Authentication. Add an auth check in the route handler before opening the upstream stream. Otherwise anyone with your URL can burn your local CPU.
Conversation history. The handler above takes a single message. Real chat sends the full history each time. Pass messages: ChatMessage[] and forward to Ollama.
Cancellation. When the user navigates away, abort the upstream fetch. Pass an AbortController.signal and call controller.abort() on disconnect.
Backpressure. If your client is slow, the controller’s queue grows. Use controller.desiredSize to detect this and pause reading from Ollama.
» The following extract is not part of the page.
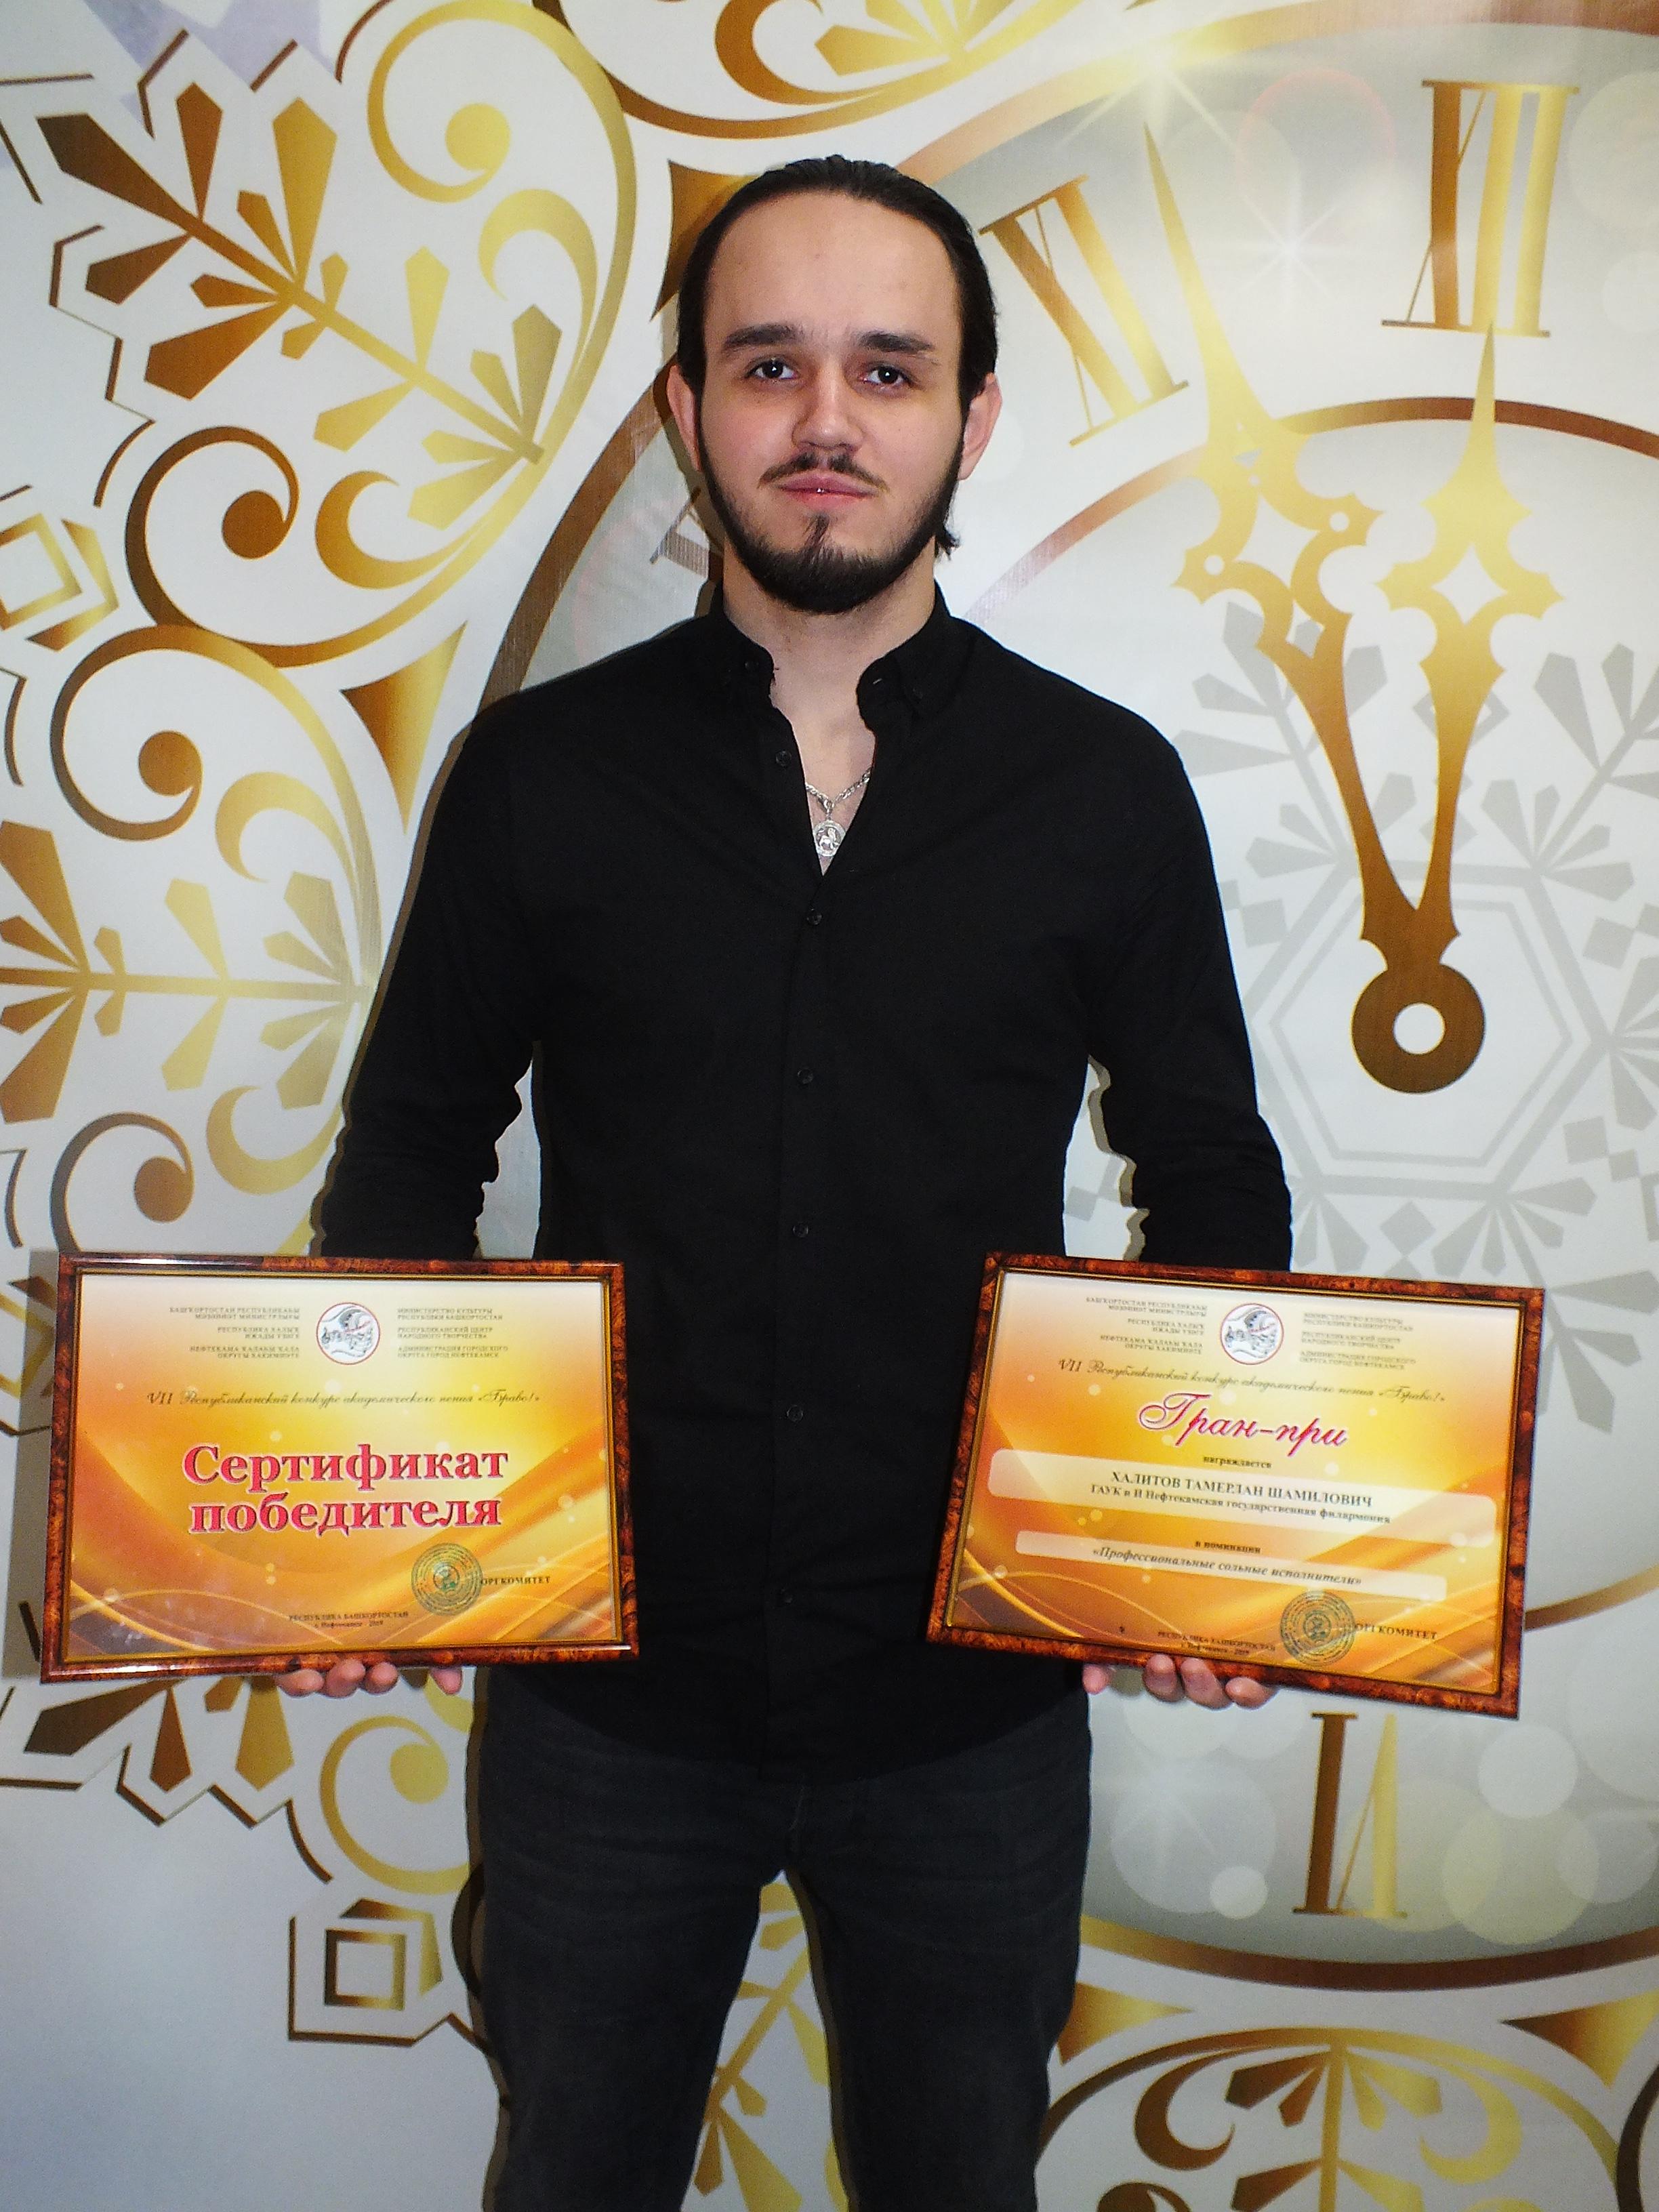 С очередной победой поздравляем нашего вокалиста Тамерлана Халитова!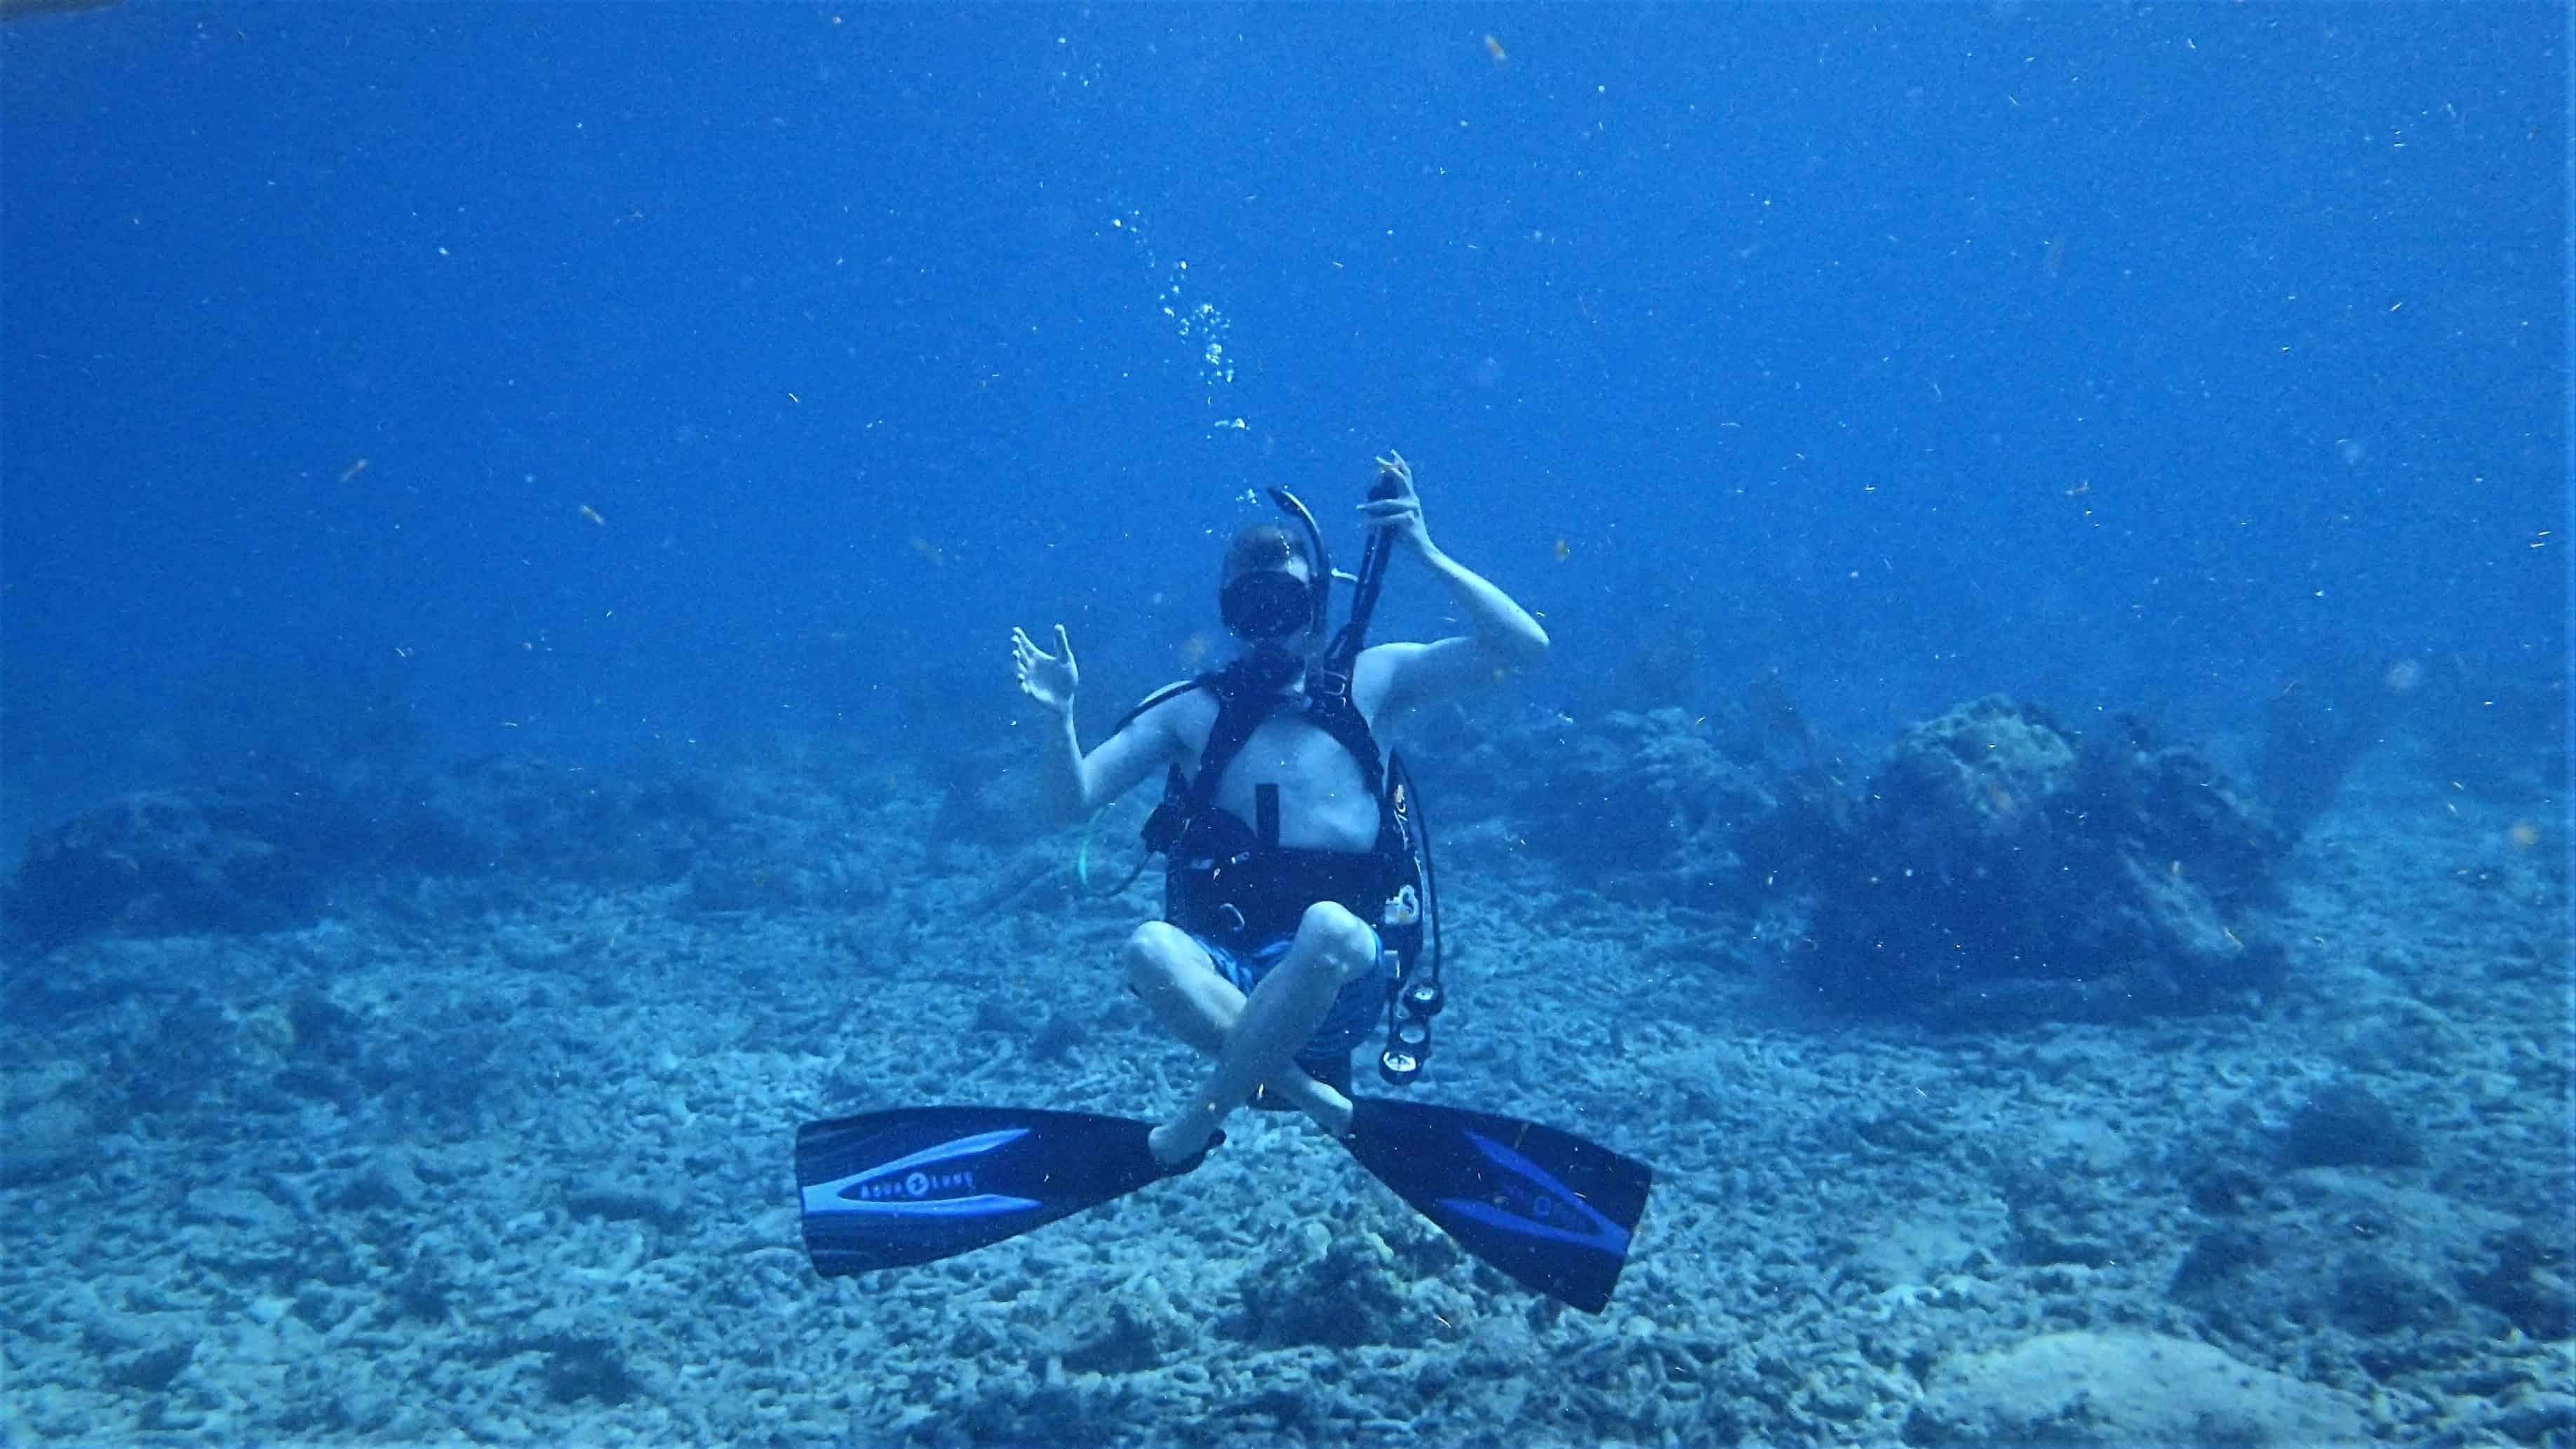 Imagem de nadador no fundo do mar com pé de pato.

Vercel deployment. Edge Runtime works for this pattern but has a 30-second function timeout. For longer generations, use Node Runtime or self-host. Local models running on your dev machine are obviously not callable from Vercel — for production, you’d swap.

上述骨架代码适用于本地开发。若要上线：

身份验证：在打开上游流之前，在路由处理器中添加身份验证检查。否则，任何拥有你 URL 的人都可以耗尽你的本地 CPU。
对话历史：上述处理器只处理单条消息。真正的聊天每次都会发送完整历史记录。请传递 messages: ChatMessage[] 并转发给 Ollama。
取消请求：当用户离开页面时，中止上游 fetch。传递 AbortController.signal 并在断开连接时调用 controller.abort()。
背压处理：如果客户端处理缓慢，控制器的队列会增长。使用 controller.desiredSize 检测此情况并暂停从 Ollama 读取数据。
Vercel 部署：Edge Runtime 支持此模式，但有 30 秒的函数超时限制。对于更长的生成任务，请使用 Node Runtime 或自托管。在开发机上运行的本地模型显然无法从 Vercel 调用——生产环境中，你需要替换为远程模型服务。